* **About this exercise**
Take the line that contains "obereuerheim_slider" and each line after it to the end of the material below, and return them exactly, minus the pictures.

Provided material Block Start

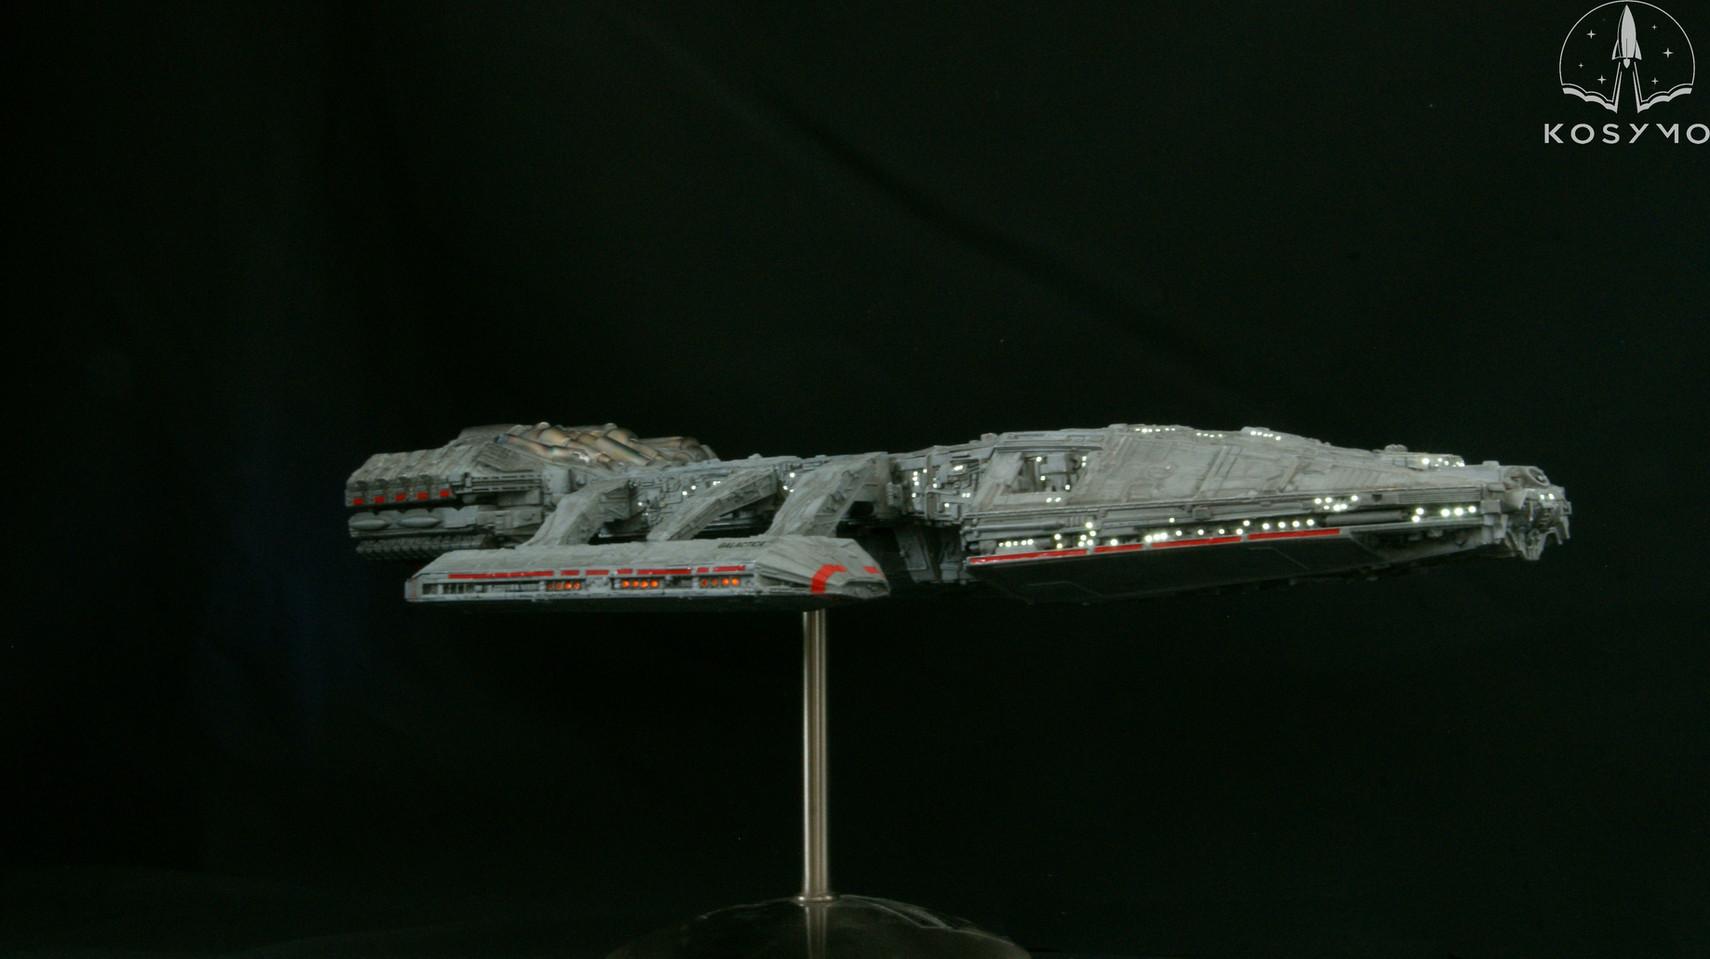 Galactica_031.JPG
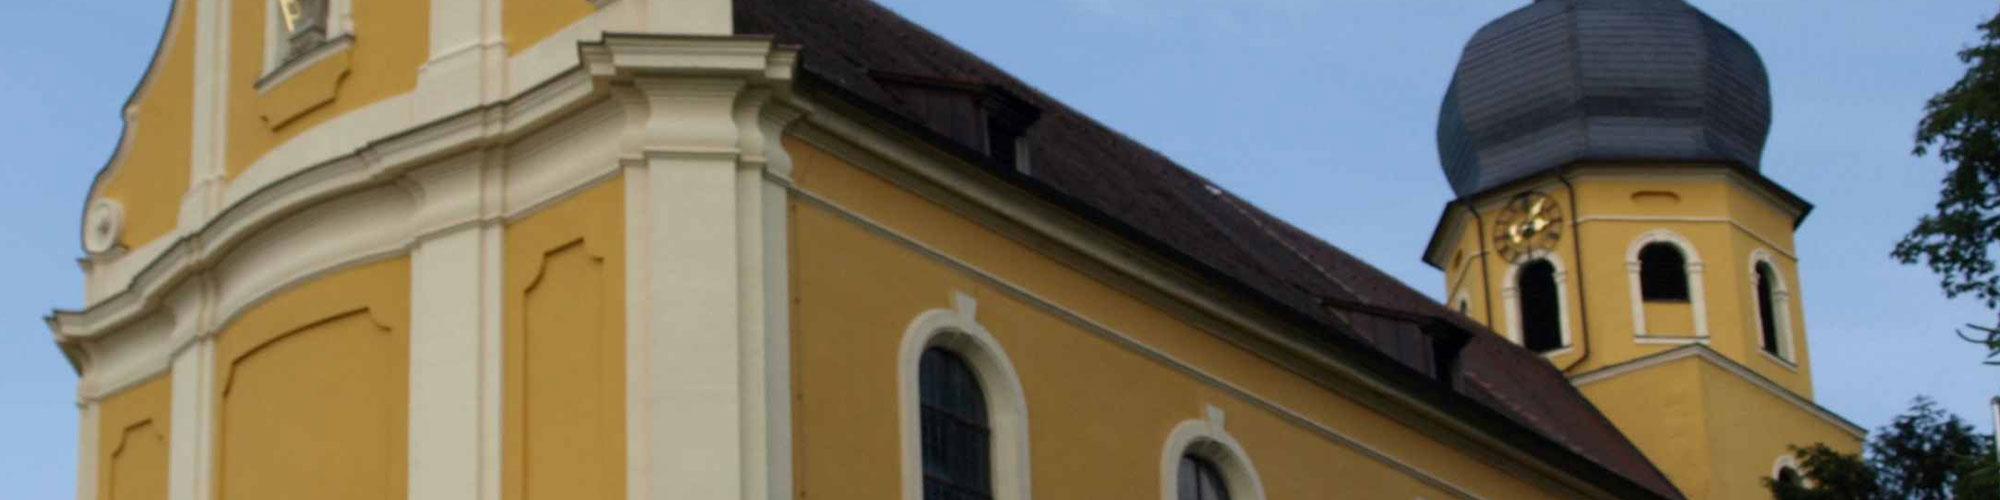 obereuerheim_slider
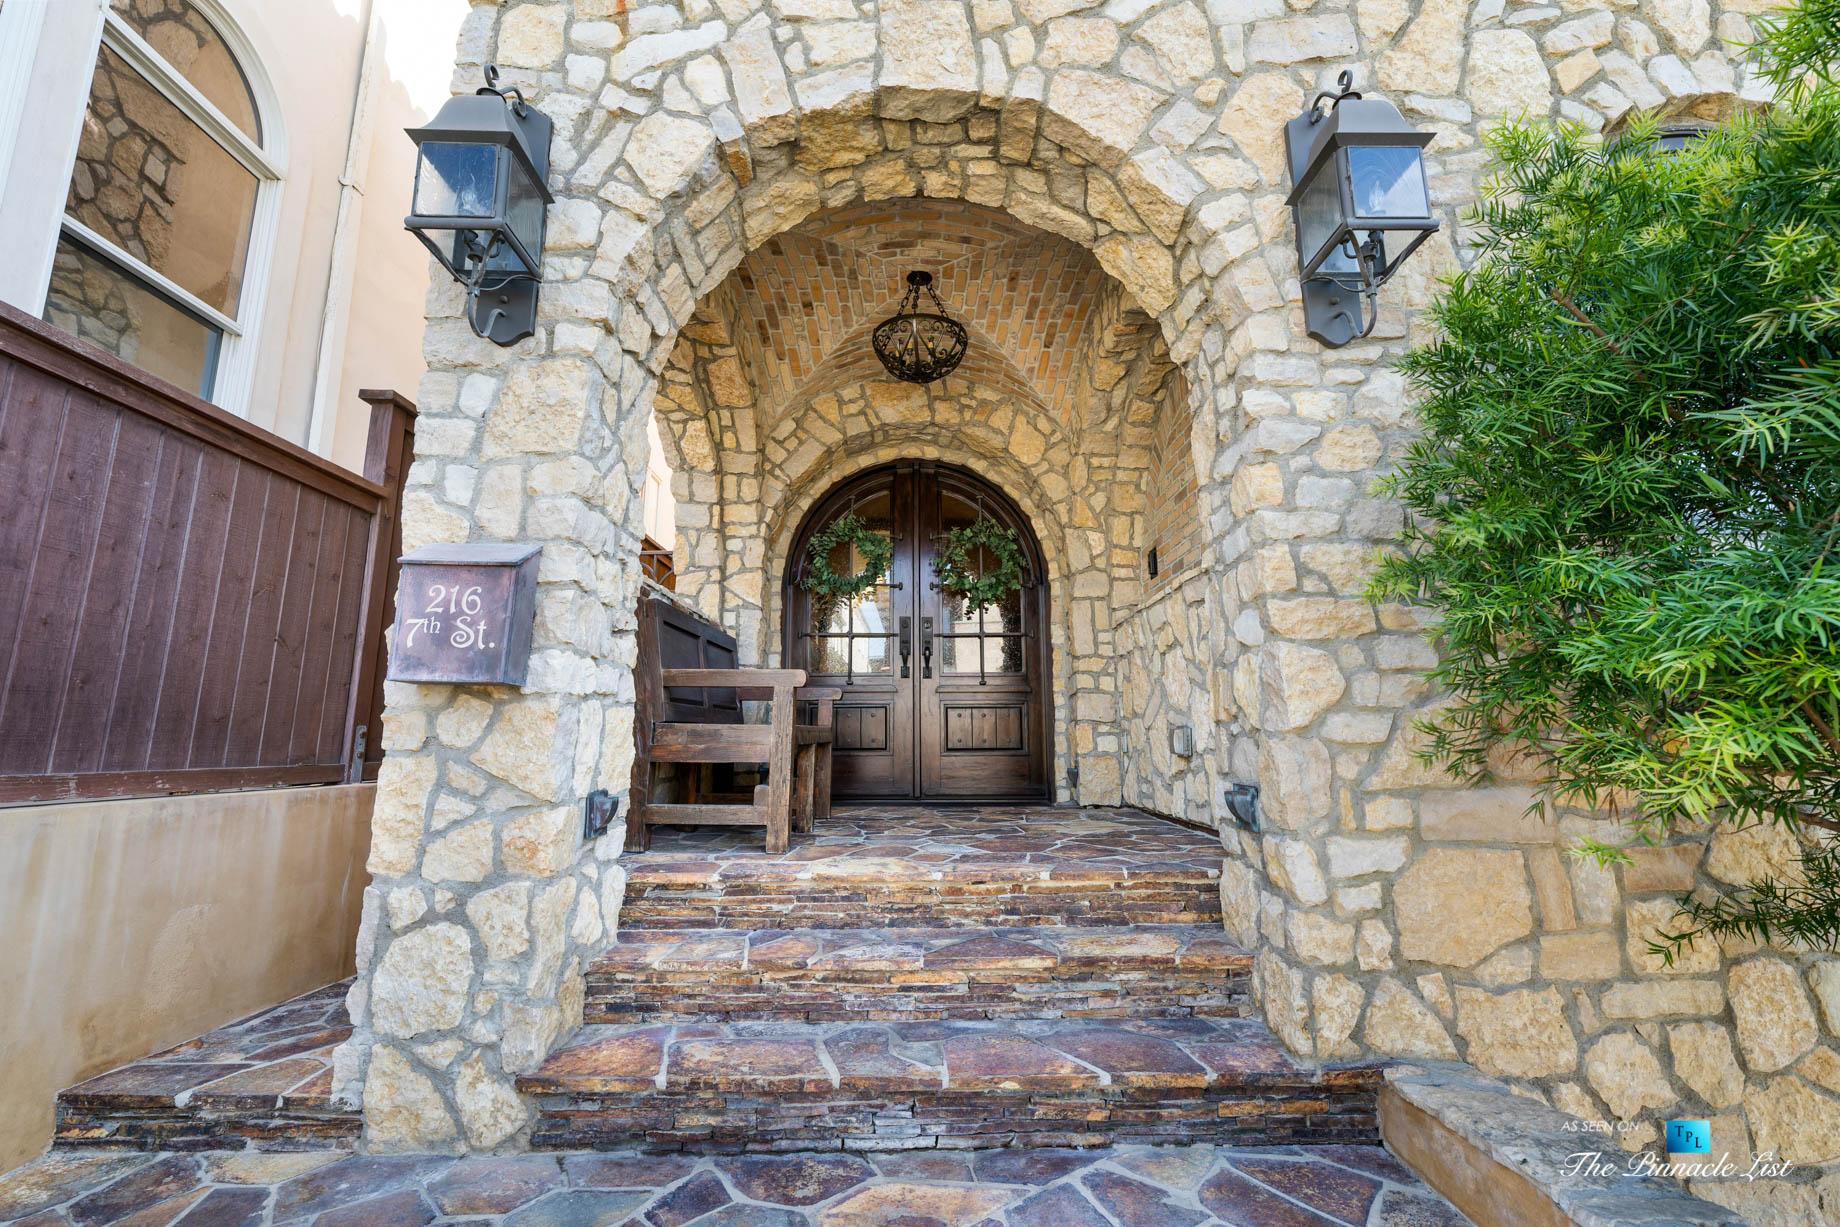 216 7th St, Manhattan Beach, CA, USA – Luxury Real Estate – Coastal Villa Home – Front Door Porch

Provided material Block End

* **Answer below**
 obereuerheim_slider
 216 7th St, Manhattan Beach, CA, USA – Luxury Real Estate – Coastal Villa Home – Front Door Porch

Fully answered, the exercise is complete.